* **What to do**
Among the entries below, one stretch runs from the line that contains "GREAT BRITAIN /" through the line that contains "Hohe Proteinquelle Gesundheit". Repeat that stretch exactly, ends included, and only that.

* **Data in this exercise**
————————
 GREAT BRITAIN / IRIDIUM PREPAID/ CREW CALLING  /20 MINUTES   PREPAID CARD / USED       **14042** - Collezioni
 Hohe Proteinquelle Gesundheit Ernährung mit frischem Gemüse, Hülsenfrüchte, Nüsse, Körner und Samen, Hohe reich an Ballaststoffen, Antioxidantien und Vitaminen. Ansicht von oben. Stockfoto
————————
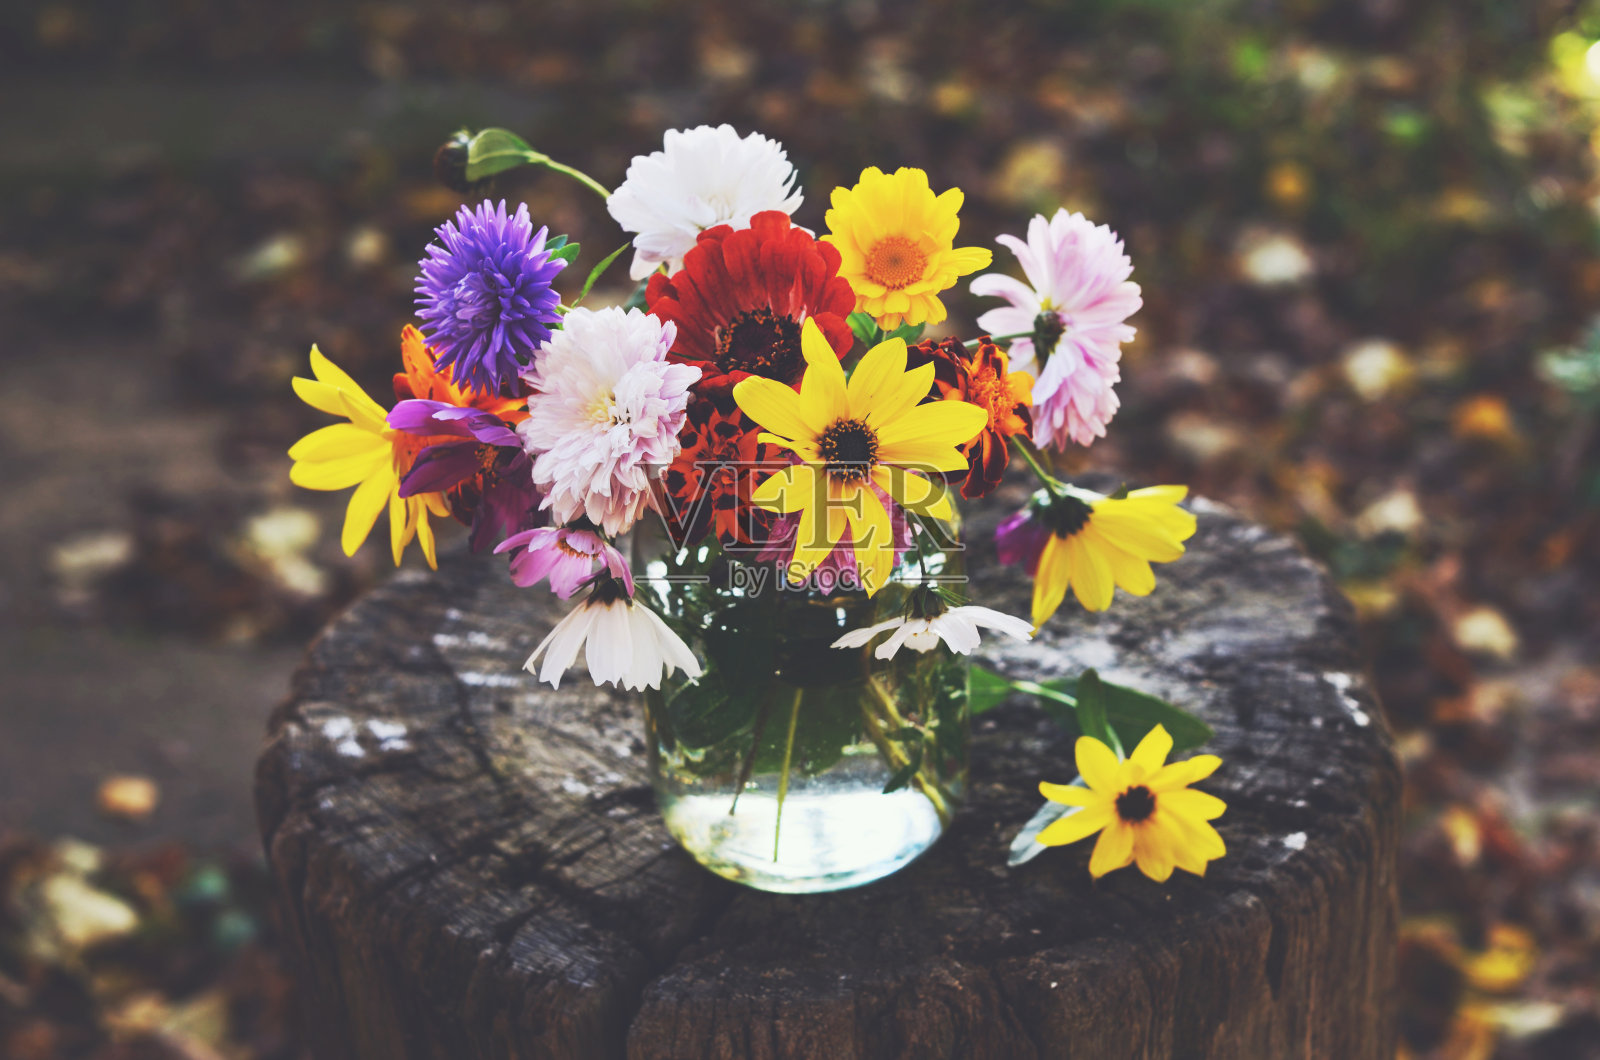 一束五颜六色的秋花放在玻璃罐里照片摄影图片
————————
* **Answer section**
 GREAT BRITAIN / IRIDIUM PREPAID/ CREW CALLING  /20 MINUTES   PREPAID CARD / USED       **14042** - Collezioni
 Hohe Proteinquelle Gesundheit Ernährung mit frischem Gemüse, Hülsenfrüchte, Nüsse, Körner und Samen, Hohe reich an Ballaststoffen, Antioxidantien und Vitaminen. Ansicht von oben. Stockfoto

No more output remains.